Country Reports on Terrorism 2013 - Foreign Terrorist Organizations: Real IRA
|Publisher||United States Department of State|
|Publication Date||30 April 2014|
|Cite as||United States Department of State, Country Reports on Terrorism 2013 - Foreign Terrorist Organizations: Real IRA, 30 April 2014, available at: http://www.refworld.org/docid/5362297214.html [accessed 22 January 2017]|
|Disclaimer||This is not a UNHCR publication. UNHCR is not responsible for, nor does it necessarily endorse, its content. Any views expressed are solely those of the author or publisher and do not necessarily reflect those of UNHCR, the United Nations or its Member States.|
aka RIRA; Real Irish Republican Army; 32 County Sovereignty Committee; 32 County Sovereignty Movement; Irish Republican Prisoners Welfare Association; Real Oglaigh Na hEireann
Description: Designated as a Foreign Terrorist Organization on May 16, 2001, the Real IRA (RIRA) was formed in 1997 as the clandestine armed wing of the 32 County Sovereignty Movement, a "political pressure group" dedicated to removing British forces from Northern Ireland and unifying Ireland. The RIRA has historically sought to disrupt the Northern Ireland peace process and did not participate in the September 2005 weapons decommissioning. In September 1997, the 32 County Sovereignty Movement opposed Sinn Fein's adoption of the Mitchell principles of democracy and non-violence. Despite internal rifts and calls by some jailed members, including the group's founder Michael "Mickey" McKevitt, for a ceasefire and disbandment, the RIRA has pledged additional violence and continued to conduct attacks.

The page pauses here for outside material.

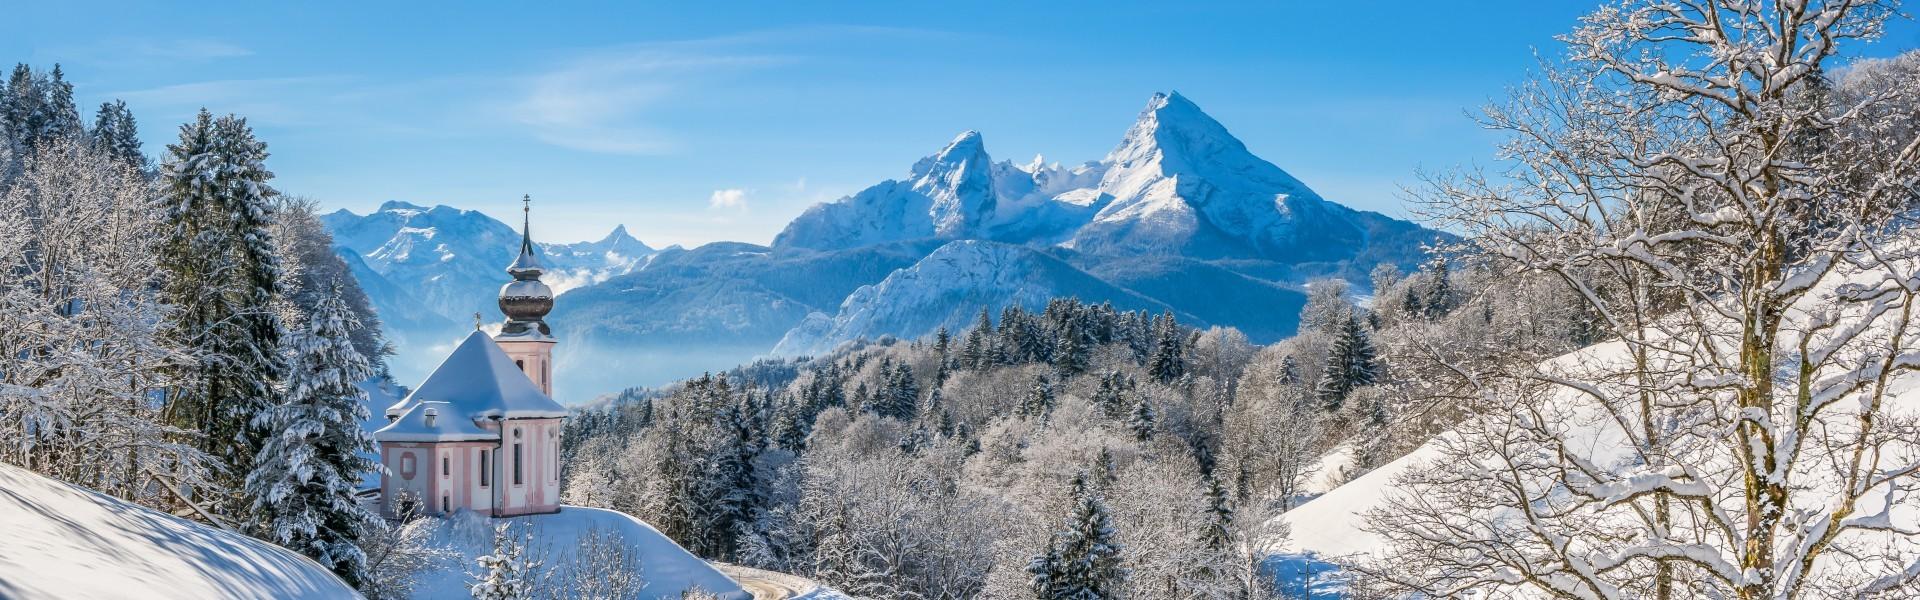 Urlaub im Hotel Bergheimat Berchtesgadener Land

Activities: Many RIRA members are former Provisional Irish Republican Army members who left the organization after that group renewed its ceasefire in 1997. These members brought a wealth of experience in terrorist tactics and bomb making to the RIRA. Targets have included civilians (most notoriously in the Omagh bombing in August 1998), British security forces, and police in Northern Ireland. The Independent Monitoring Commission, which was established to oversee the peace process, assessed that RIRA members were likely responsible for the majority of the shootings and assaults that occurred in Northern Ireland.
The group remained active in 2013. In February, two alleged RIRA members were arrested by Irish police while attempting to carry out the assassination of a local drug dealer. Police searched the van they were traveling in and found two loaded handguns and facemasks.
Strength: According to the Irish government, the RIRA has approximately 100 active members. The organization may receive limited support from IRA hardliners and Republican sympathizers who are dissatisfied with the IRA's continuing ceasefire and with Sinn Fein's involvement in the peace process.
Location/Area of Operation: Northern Ireland, Great Britain, and the Republic of Ireland.
Funding and External Aid: The RIRA is suspected of receiving funds from sympathizers in the United States and of attempting to buy weapons from U.S. gun dealers. The RIRA was also reported to have purchased sophisticated weapons from the Balkans and to have occasionally collaborated with the Continuity Irish Republican Army.